We arrive at one of the classical clustering algorithms: the K-Means algorithm.

Note that this map does require you to have some knowledge about the algorithms that are included in the scikit-learn library. This, by the way, also holds some truth for applying machine learning in general: if you have no idea what is possible, it will be very hard to decide on what your use case will be for the data.

What is K-Means Clustering?

It is one of the simplest and widely used unsupervised learning algorithms to solve clustering problems. The procedure follows a simple and easy way to classify a given data set through a certain number of clusters that you have set before you run the algorithm. This number of clusters is called k and you select this number at random.

Then, the k-means algorithm will find the nearest cluster center for each data point and assign the data point closest to that cluster.

Once all data points have been assigned to clusters, the cluster centers will be recomputed.
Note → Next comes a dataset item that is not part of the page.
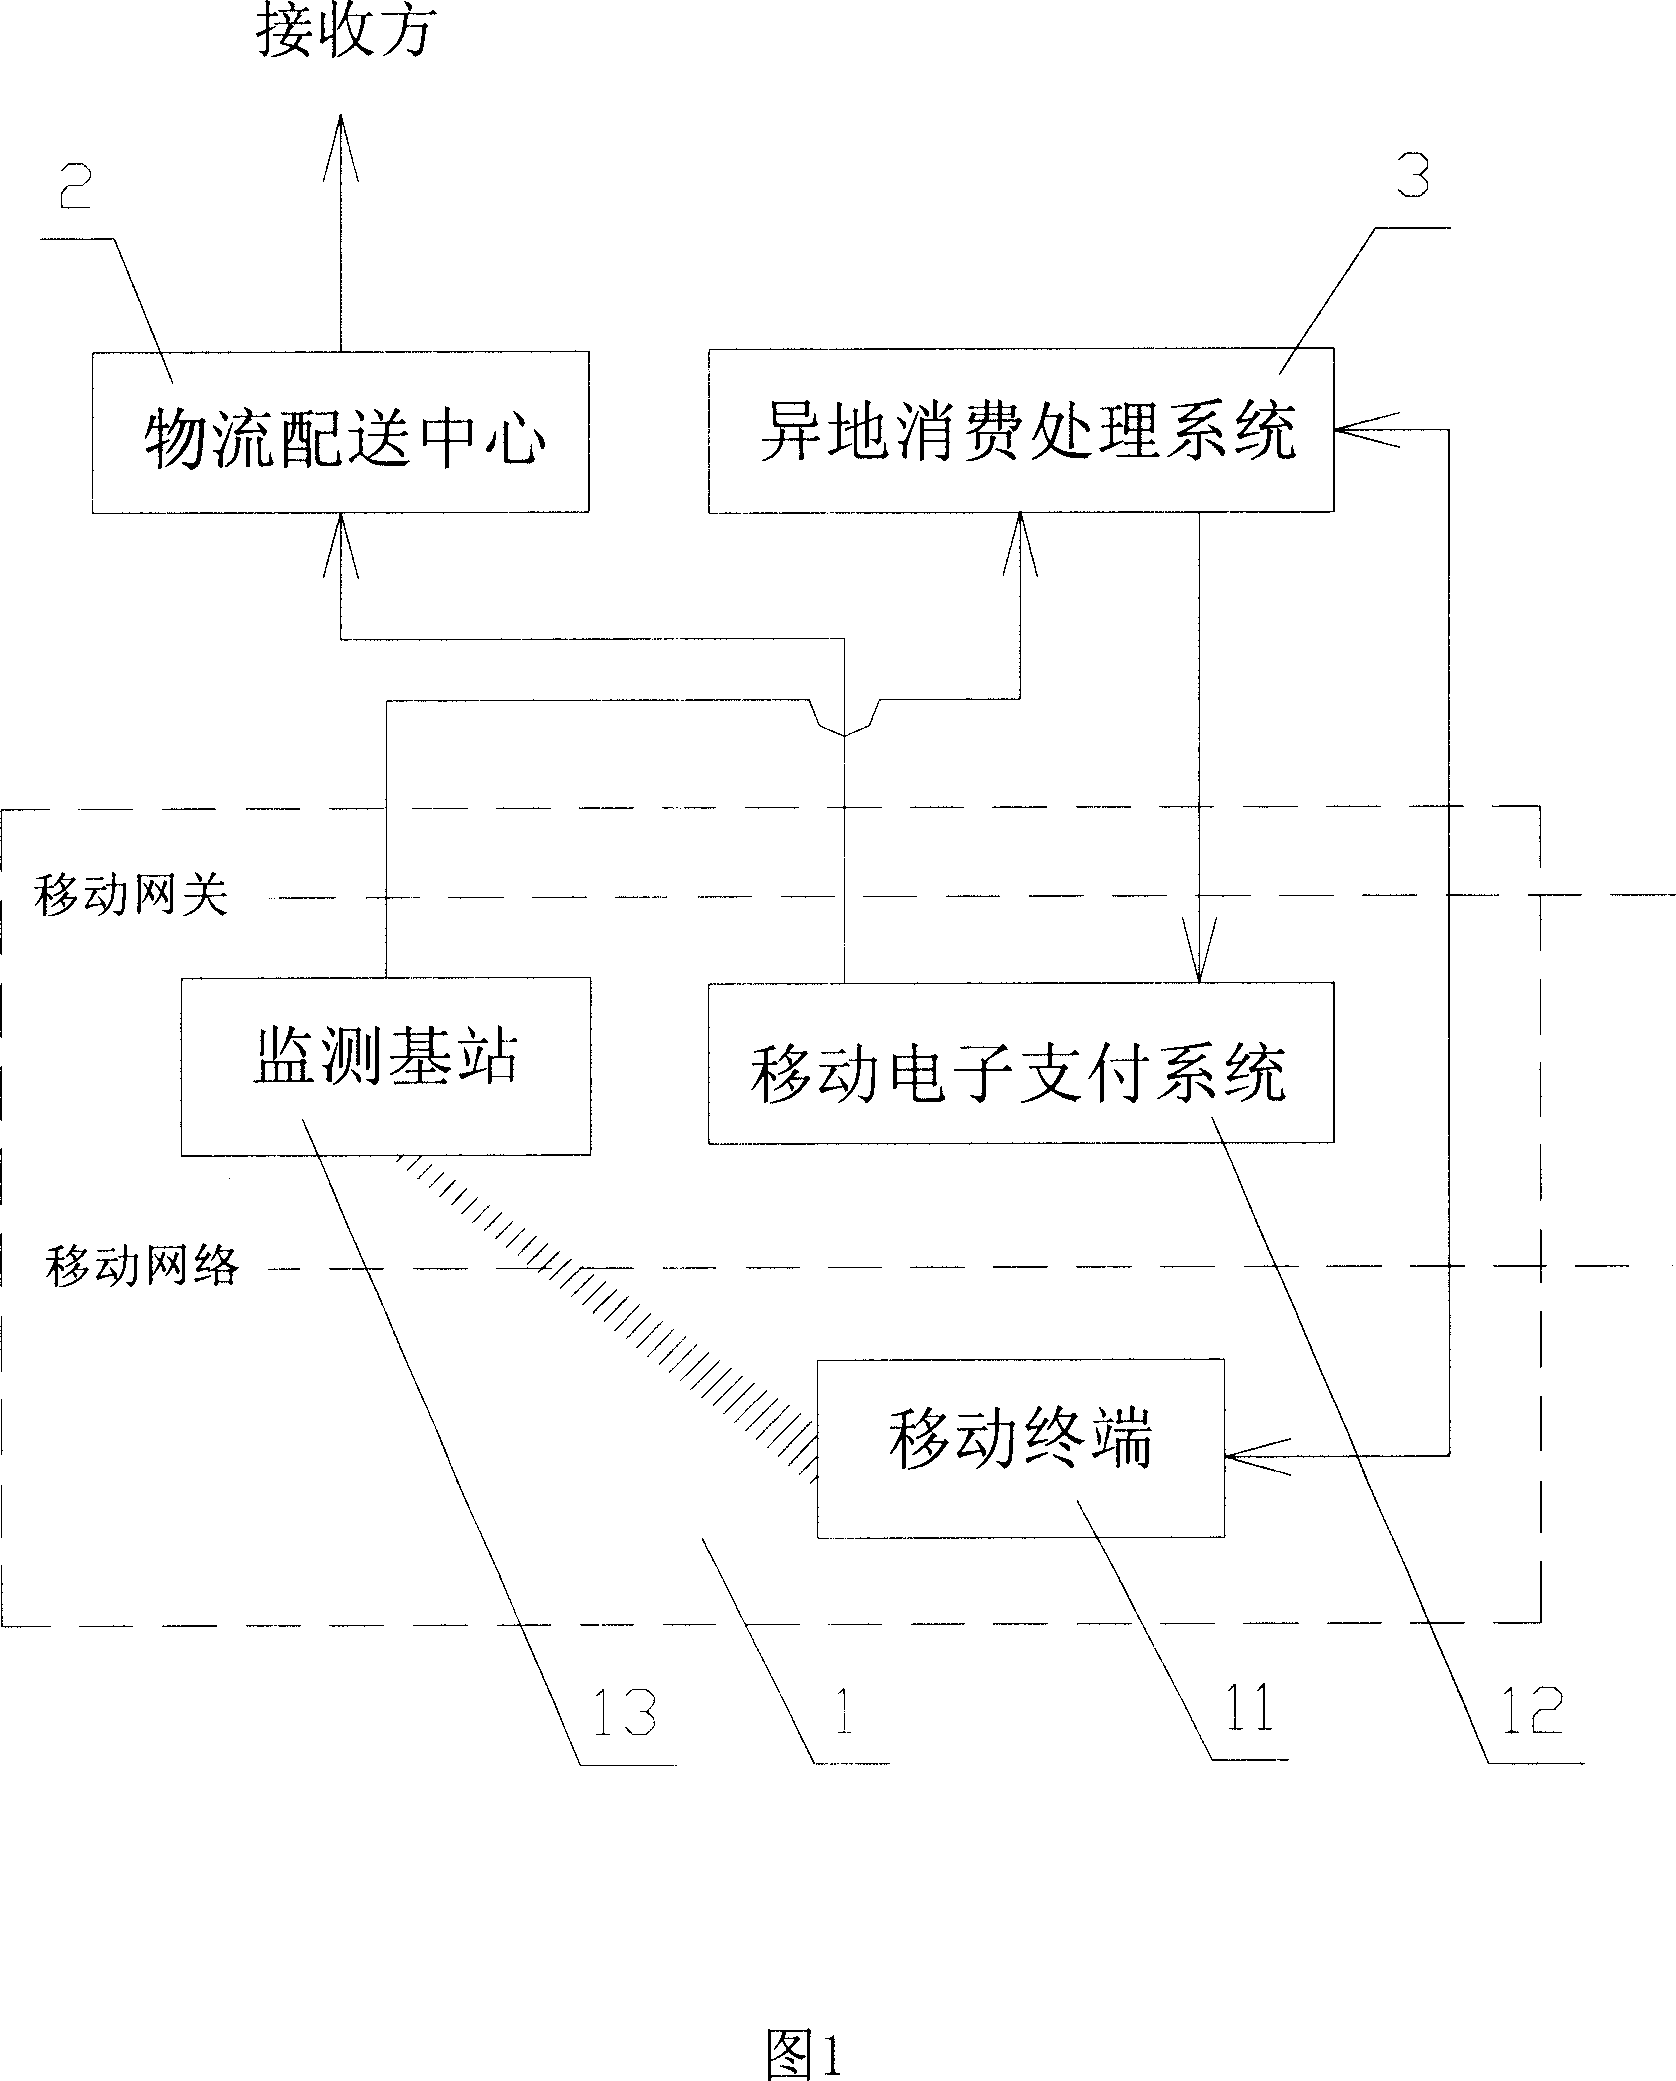 Long-distance consuming method and system by mobile system

In other words, new cluster centers will emerge from the average of the values of the cluster data points. This process is repeated until most data points stick to the same cluster. The cluster membership should stabilize.

However, before you can go into making a model for your data, you should definitely take a look into preparing your data for this purpose.

Step 2: Data Preprocessing

Data Normalization

The first thing that we’re going to do is preprocessing the data. You can standardize the digits data by, for example, making use of the scale() method:

# Import the scale class
from sklearn.preprocessing import _____

# Apply `scale()` to the `digits` data
data = scale(_____)

By scaling the data, you shift the distribution of each feature to have a mean of zero and a standard deviation of one (unit variance). You can compare a data point before and after scaling to understand this better, but the intuition is that some features may have a wider range of values or exclusively positive or negative values. We want to normalize the distribution of all features to be similar so that any machine learning models we use will give equal consideration to each feature.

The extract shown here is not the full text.